# So I was talking to the weird girl in the kitchen...



## christianb (Aug 30, 2004)

... and the next thing I know, all my buddies left the party and went to this _other_ party. I'm glad I found you all again. 8) That first party was dying down anyway. Lets tap the keg and get this sucker started.

Nice work Frederick.
Sharms invited me over... hope you don't mind... but I brought the weird girl.


looking forward to this place picking up some steam... how can it not? Simon signed up just ahead of me. Good group.

See ya in user demos for some abuse :wink: 


christianb


----------



## Frederick Russ (Aug 30, 2004)

hey Christian!
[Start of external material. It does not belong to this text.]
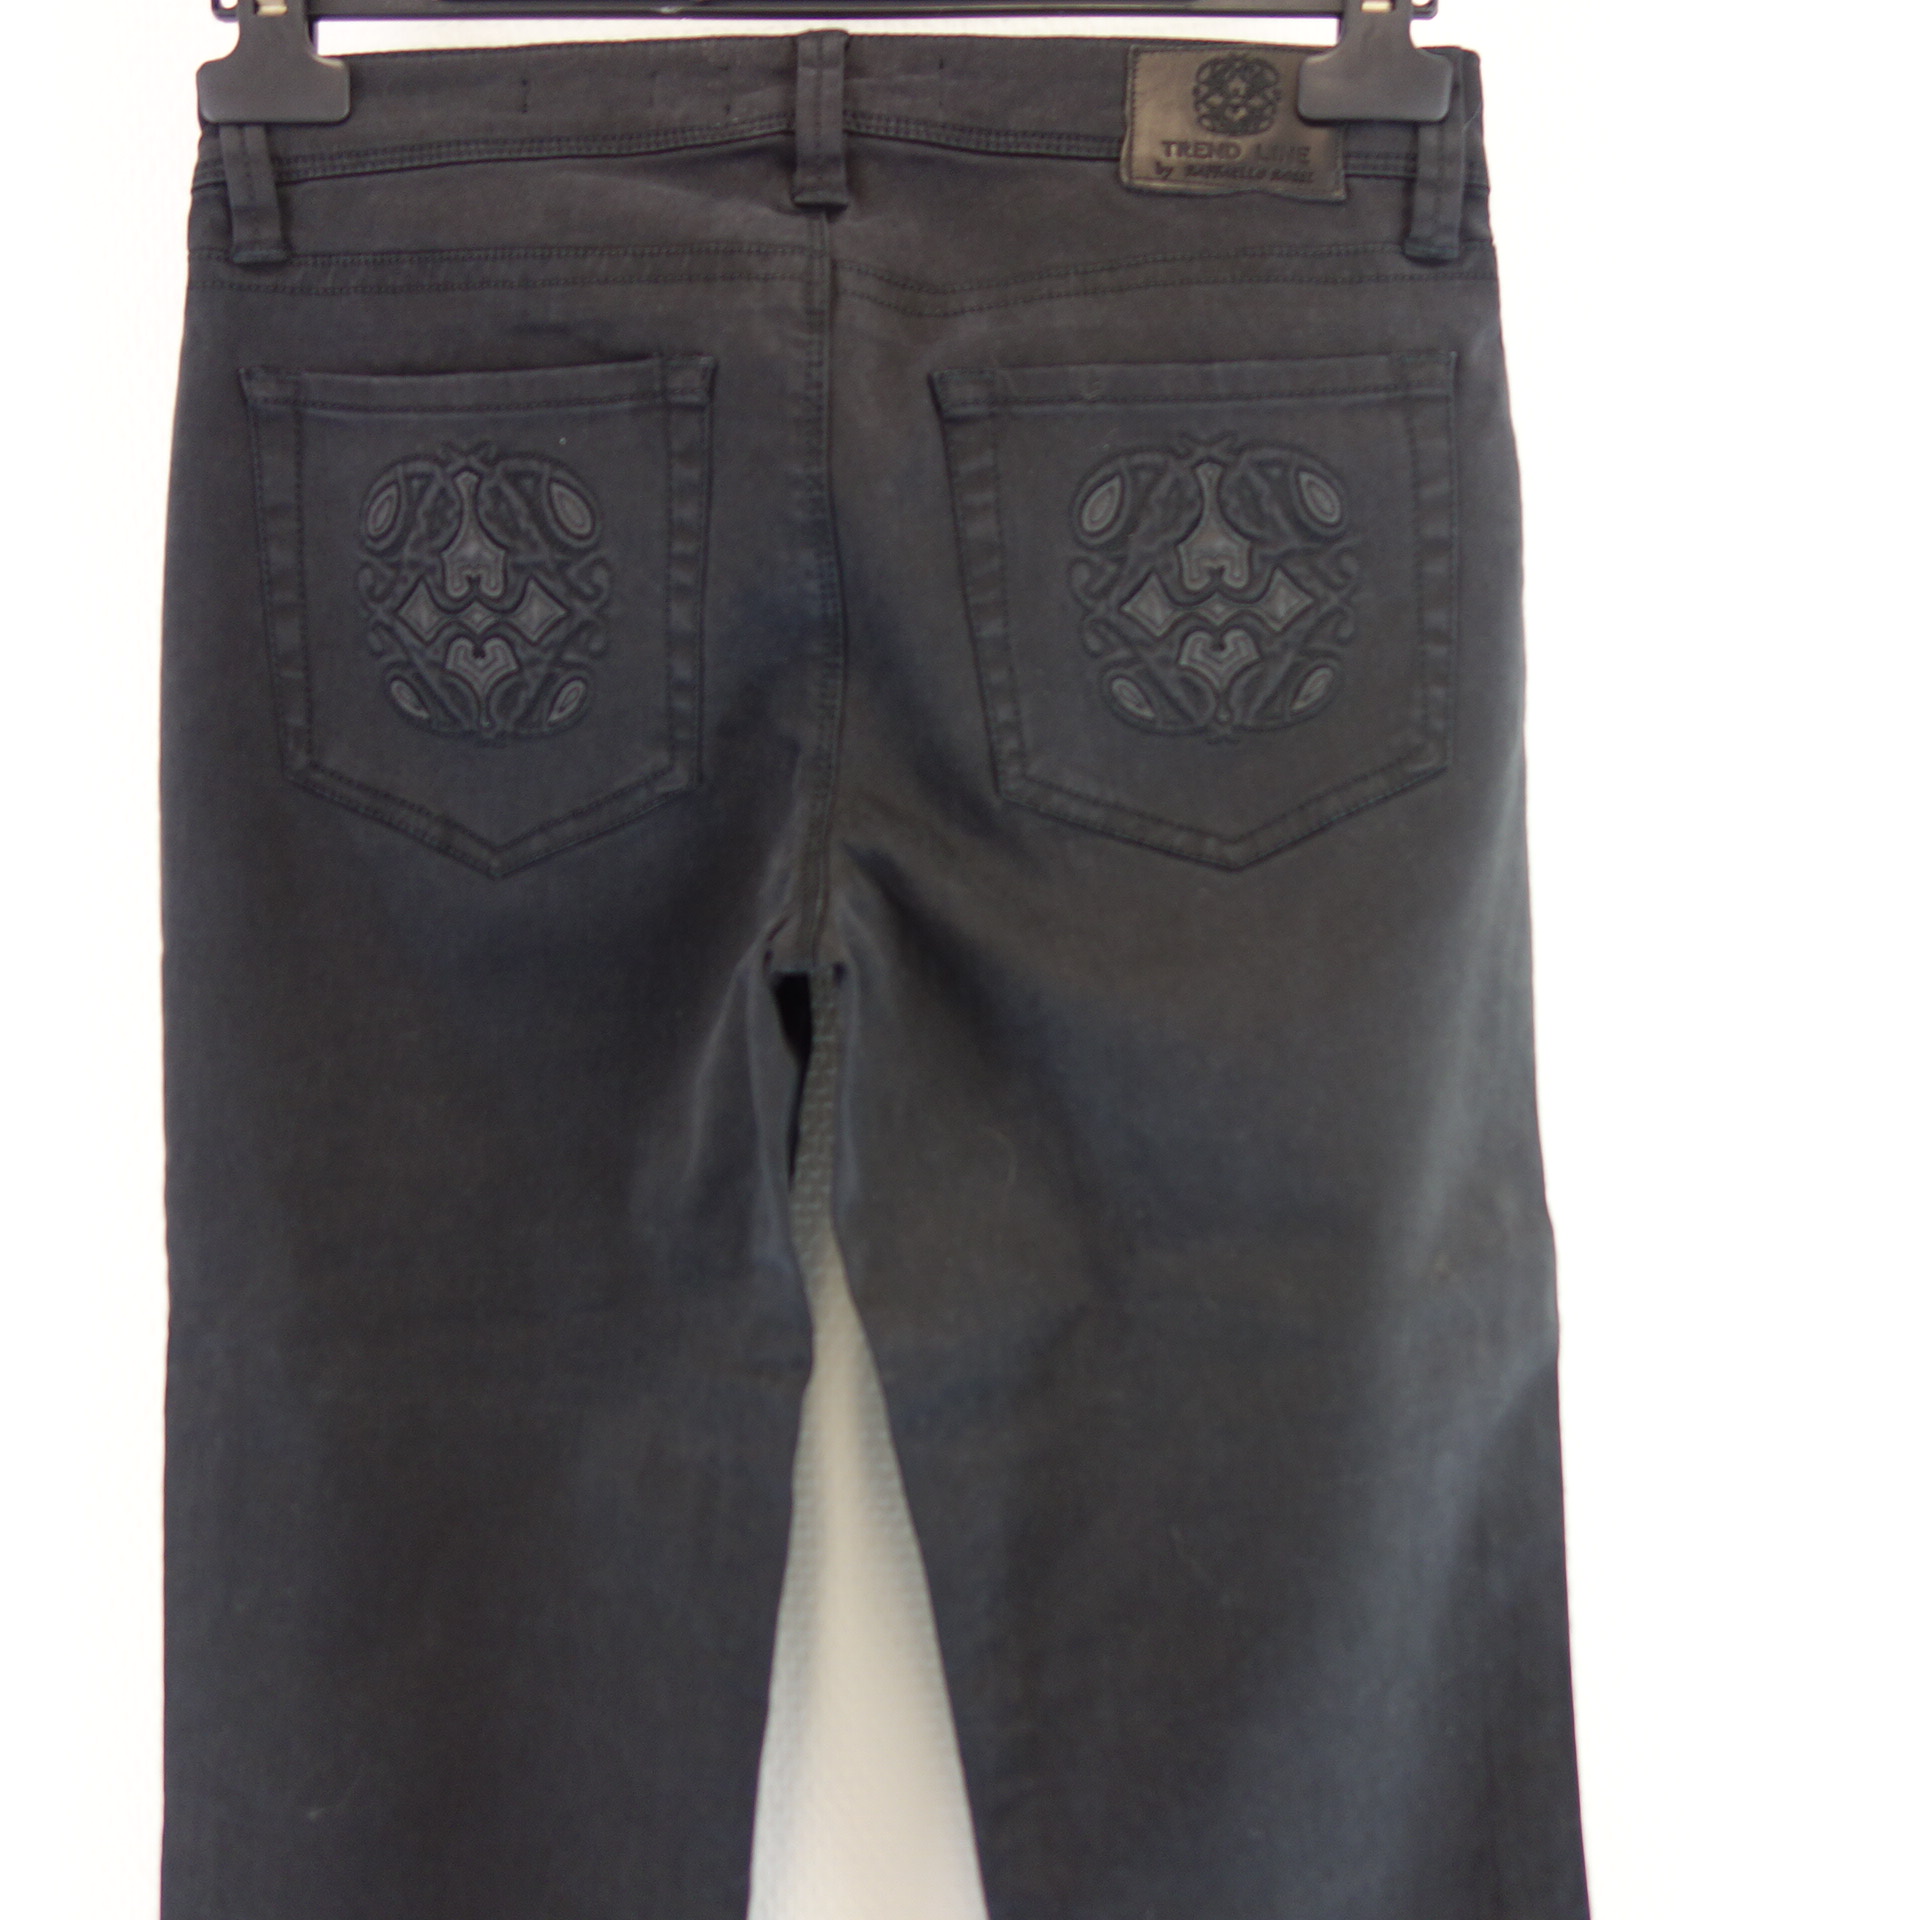 RAFFAELLO ROSSI TREND LINE Damen Jeans Hose Jeanshose Schwarz Gr 36 Modell Sinty Stick Slim Fit

Nice seeing you here - enjoy the forum.


----------



## Patrick de Caumette (Aug 31, 2004)

I suggest we ban all people from Vancover from this forum :twisted: 

By the way, it is nice not to have to deal with the star system, so that I can abuse my friend CB without fear of retribution ...


----------



## christianb (Aug 31, 2004)

I will take you down froggie!

:D


----------



## Alan Lastufka (Aug 31, 2004)

Hey B, welcome to the new forums!

Nice to see some familiar faces.


----------



## rJames (Aug 31, 2004)

WHAT!


----------